FIGS. 3 and 4 demonstrate how in various implementations, a single syntactically constrained training source code snippet (340) may be programmatically and idiomatically translated into multiple different generic forms, each semantically equivalent to the others. Thus, in various implementations, in addition to a single syntactically constrained training source code snippet being generated from some other programming language snippet (e.g., additional reference PL snippet 224), that single syntactically constrained training source code snippet can also be used to generate additional syntactically constrained training source code snippets. These additional syntactically constrained training source code snippets may in turn be programmatically translated, e.g., by programmatic translator 103, into yet additional synthetic training source code snippets (e.g., 232, 234 in FIG. 2), further expanding the pool of available training data for the downstream neural translation model(s) 236.

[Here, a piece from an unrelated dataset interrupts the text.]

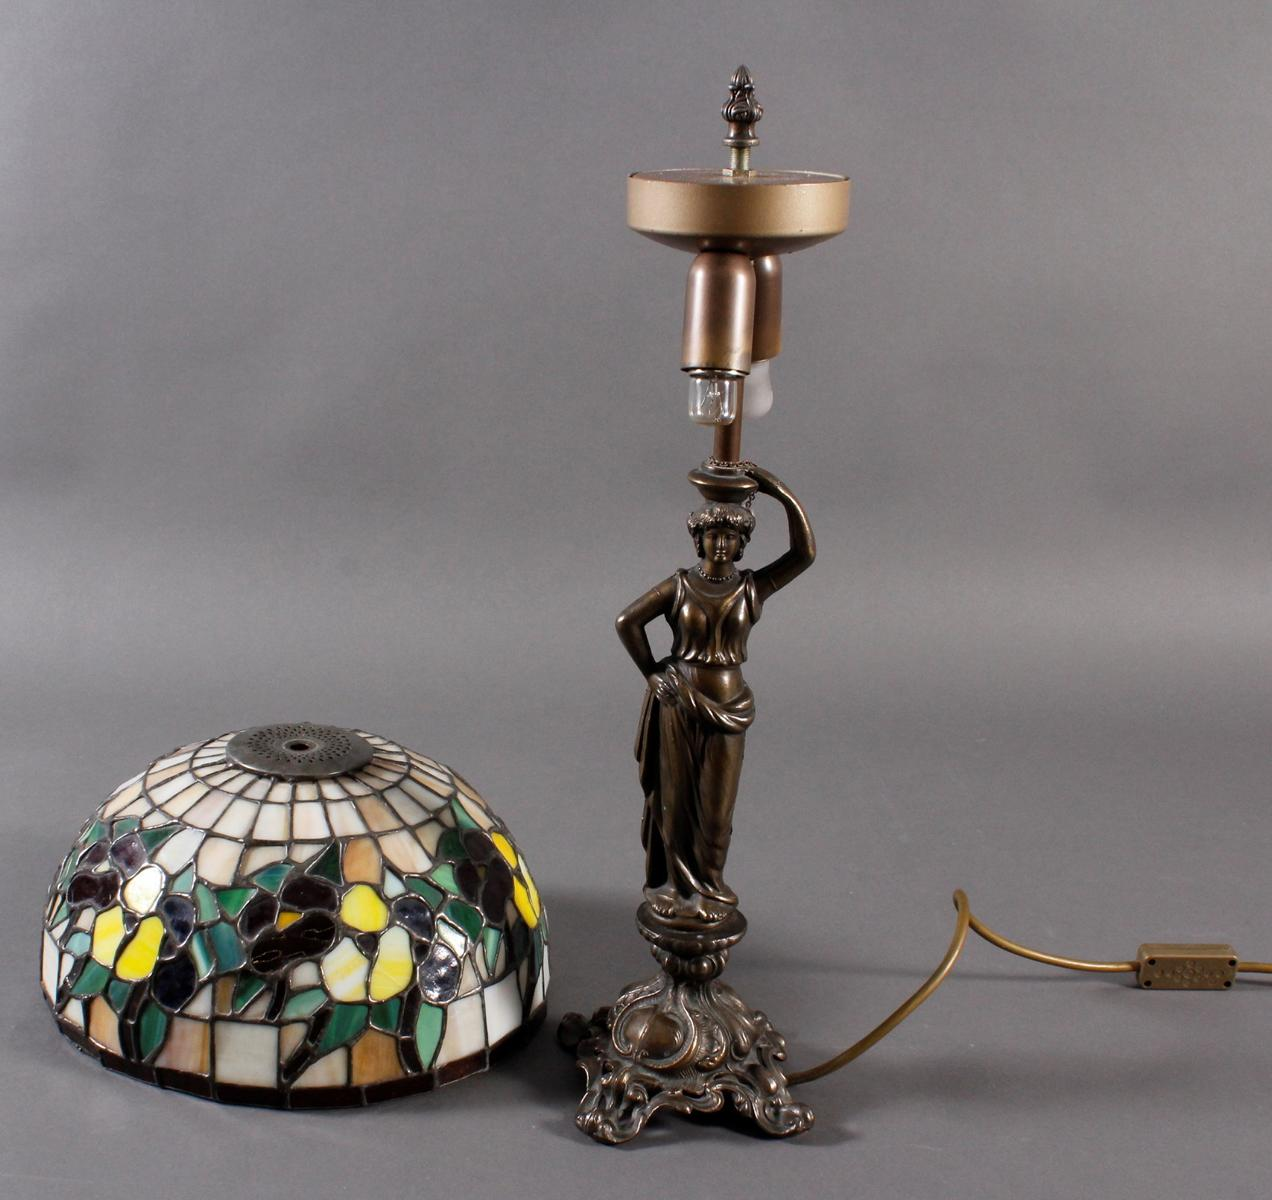 Tischlampe im Tiffany-Stil, 2. Hälfte 20. Jh.-2

FIG. 5 depicts an example where the source code snippet in syntactically constrained pseudocode 340 is once again depicted on the left. This time, however, two programmatic translation commands are issued to translate source code snippet in syntactically constrained pseudocode 340 to Python twice. The first programmatic translation command does not include any parameters about idiomatic translation. Accordingly, a first translated synthetic source code snippet in Python 542 at top right includes lambda, map, and filter expressions. The second programmatic translation command, by contrast, includes a request to specify that match statements should be translated to pattern matching statements in Python, and another request that the map/filter/reduce statement should be translated to list comprehensions. Consequently, a second translated synthetic source code snippet in Python 544 at bottom right does not include the map and filter expressions (the reduce expression is still present, as this cannot be expressed using comprehensions).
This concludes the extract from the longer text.